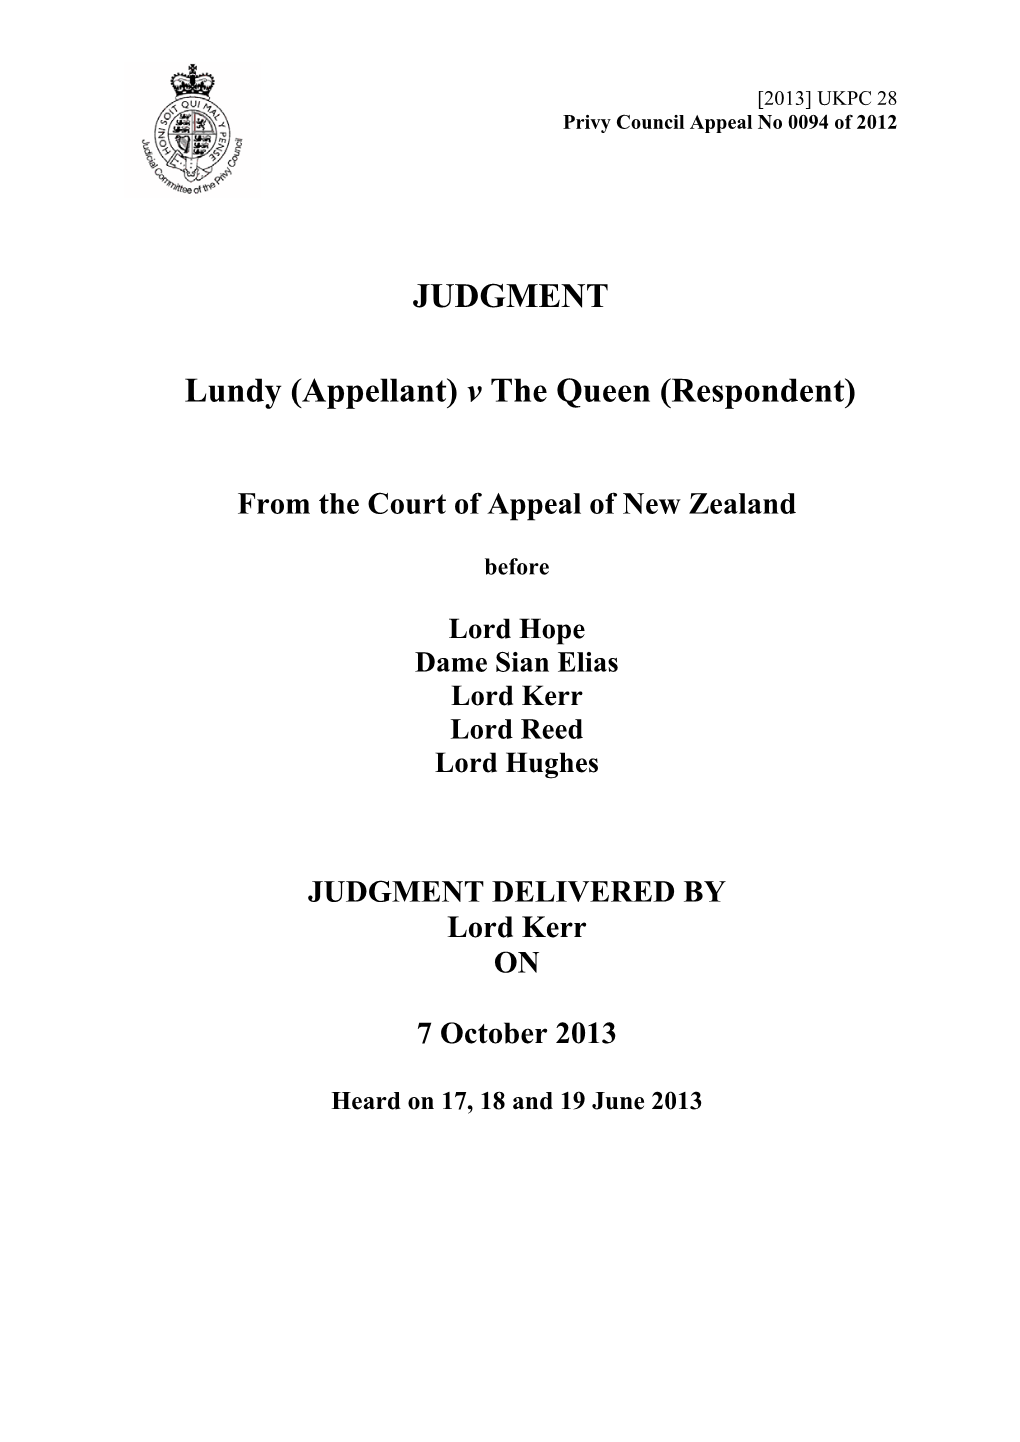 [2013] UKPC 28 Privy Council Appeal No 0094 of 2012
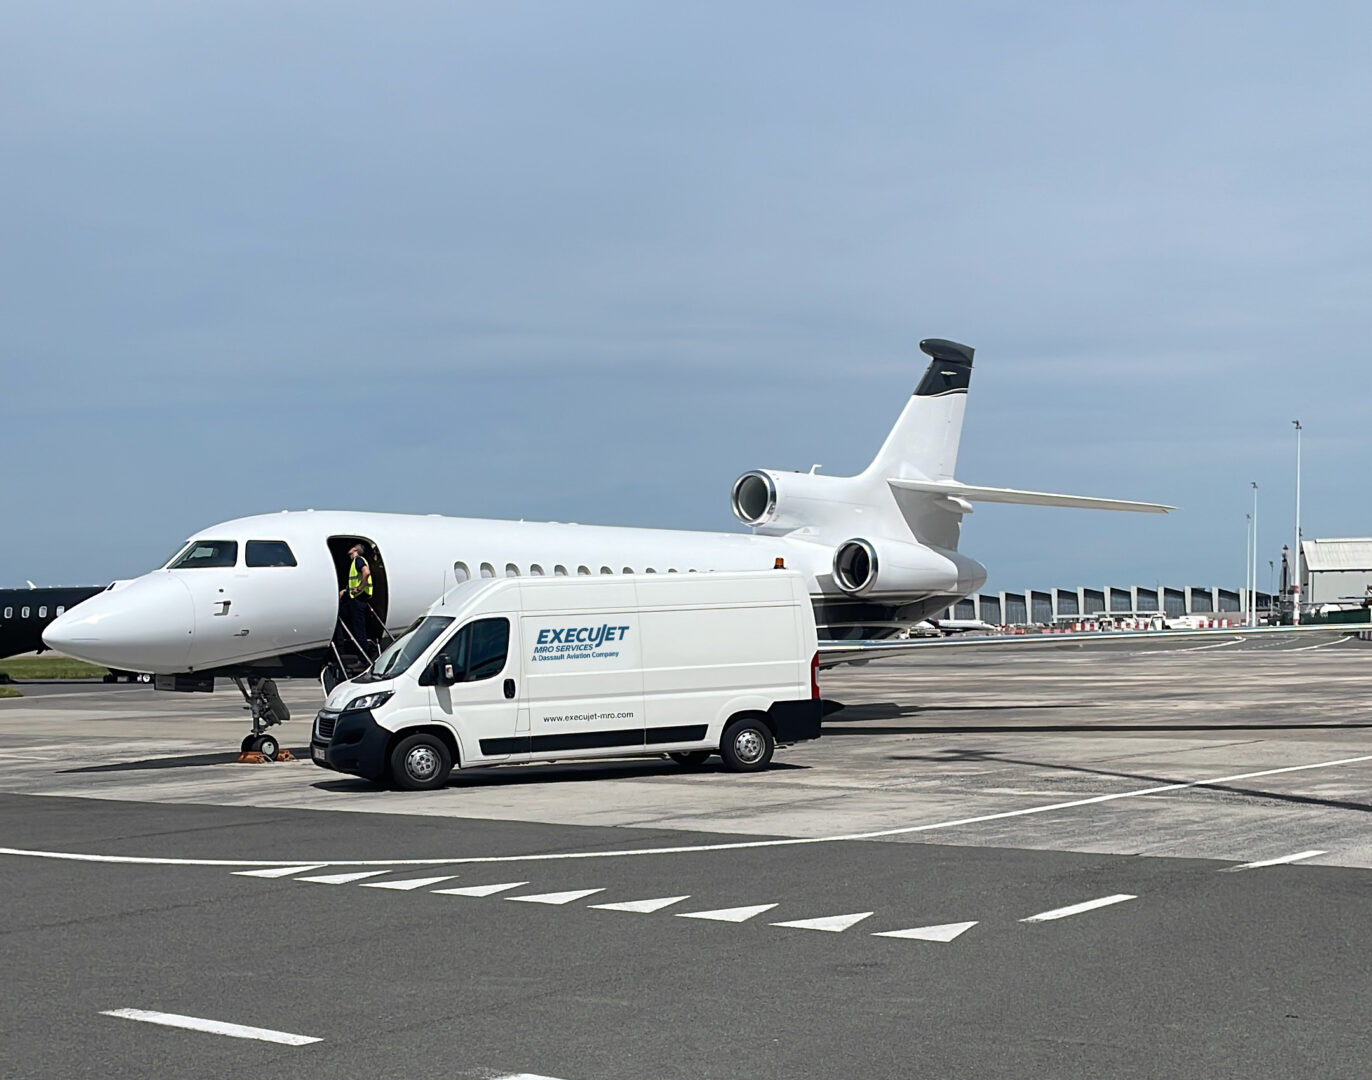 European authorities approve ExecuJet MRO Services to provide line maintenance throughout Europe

=-=-=-=-=

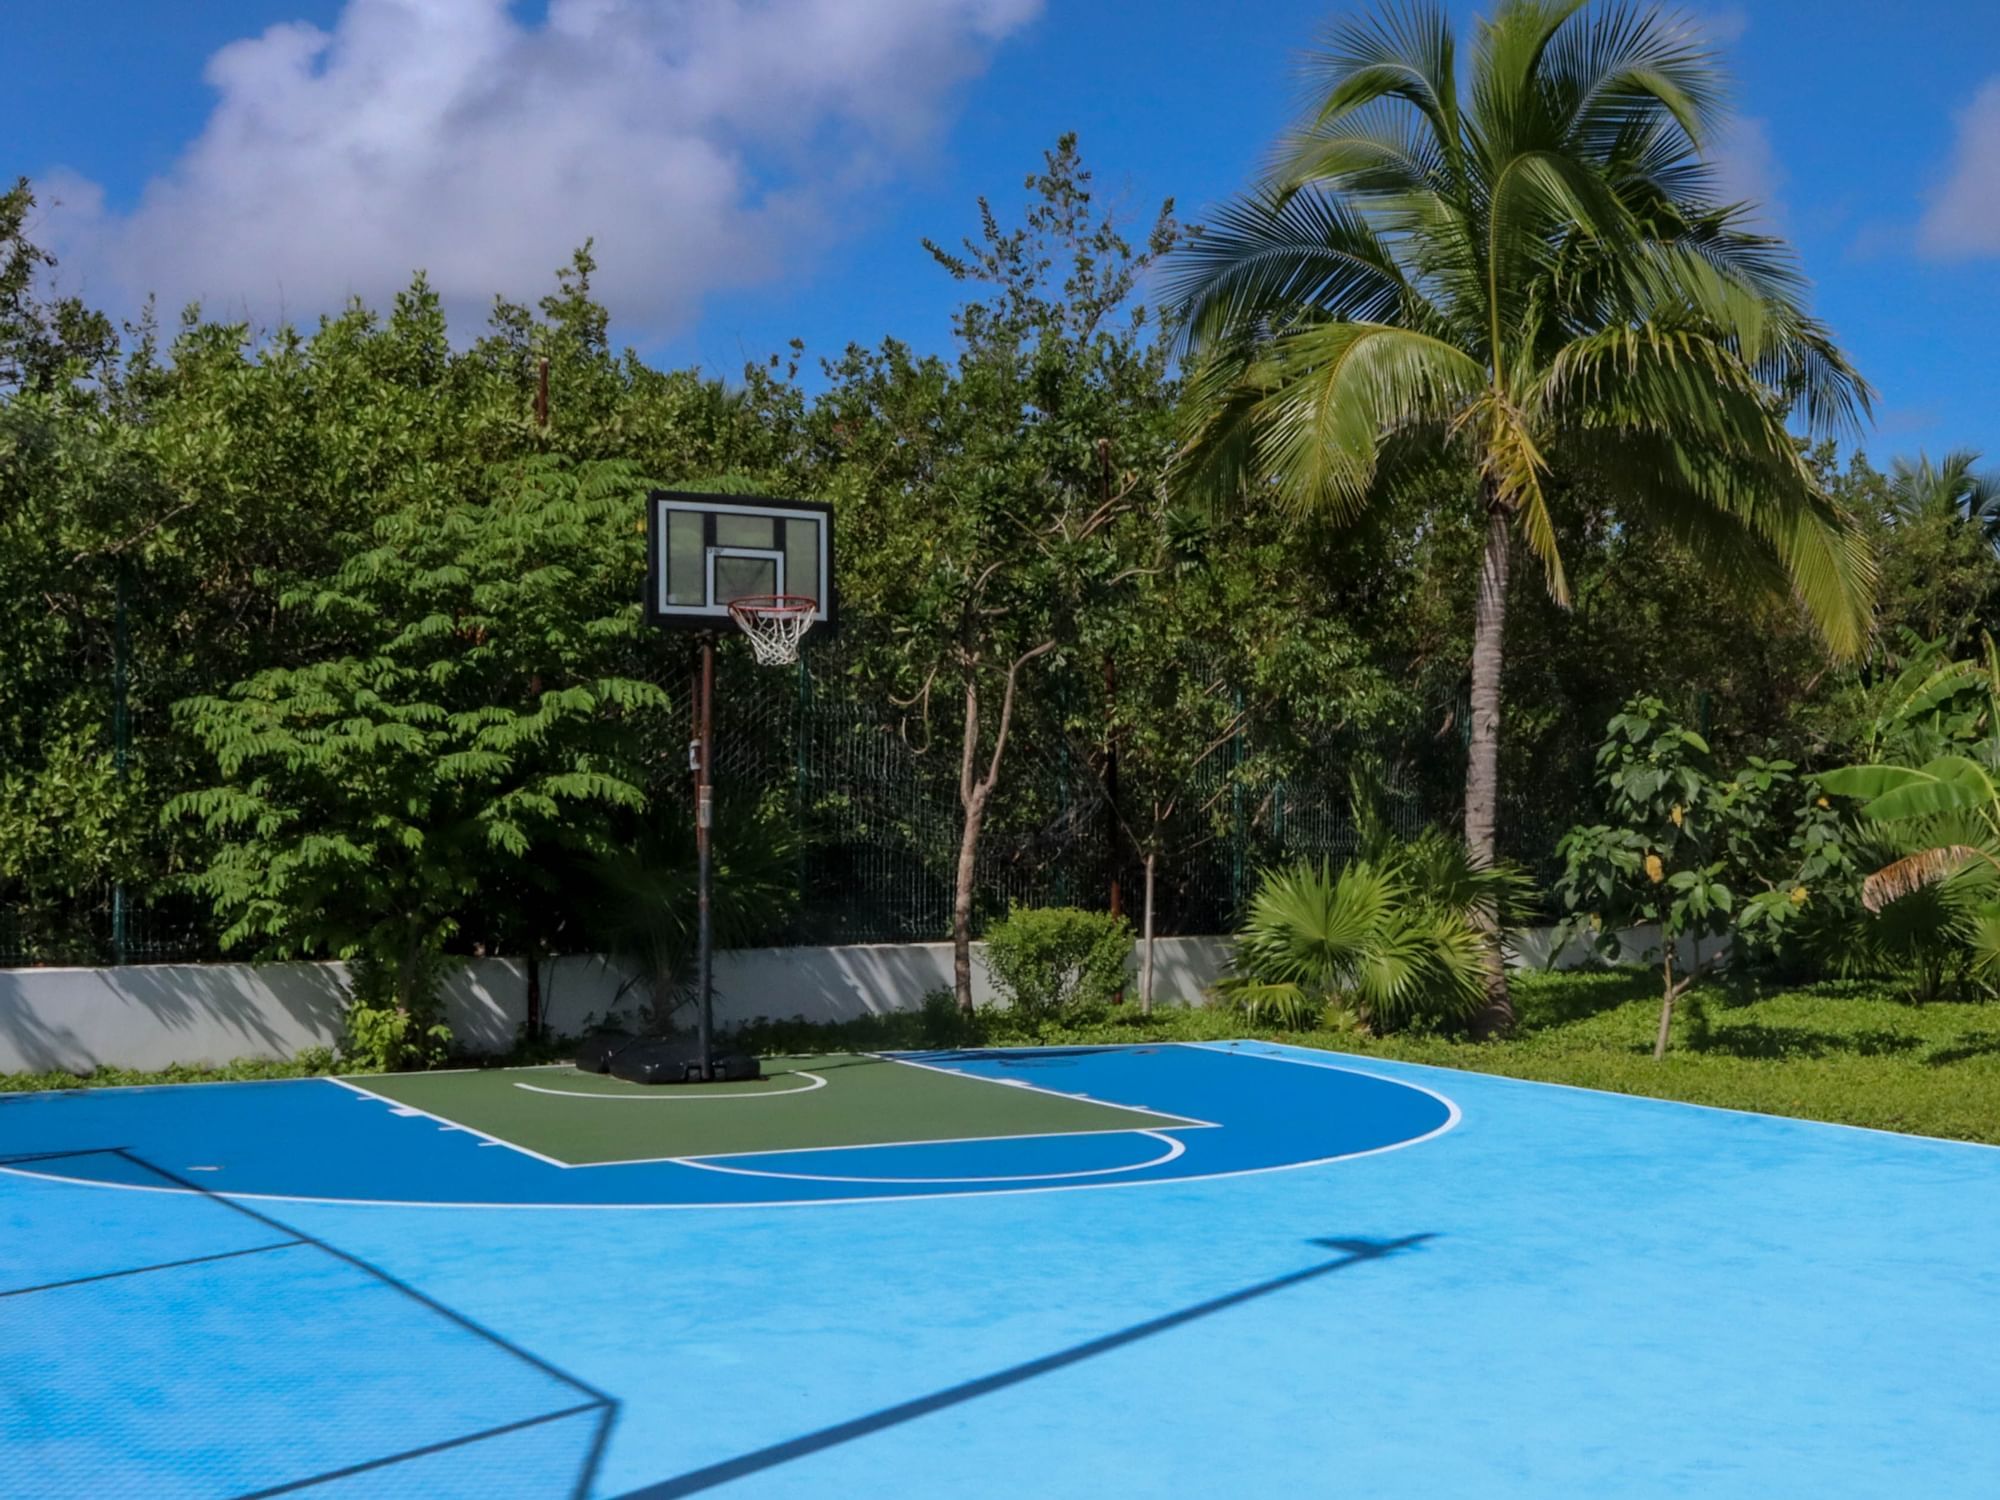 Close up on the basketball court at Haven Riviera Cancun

=-=-=-=-=

WHAT IS NEEDED.
Above, find the line holding "[2013] UKPC 28" and the line holding "European authorities approve". Print exactly those two lines and every line between them, but no pictures.

ANSWER SECTION.
 [2013] UKPC 28 Privy Council Appeal No 0094 of 2012
 European authorities approve ExecuJet MRO Services to provide line maintenance throughout Europe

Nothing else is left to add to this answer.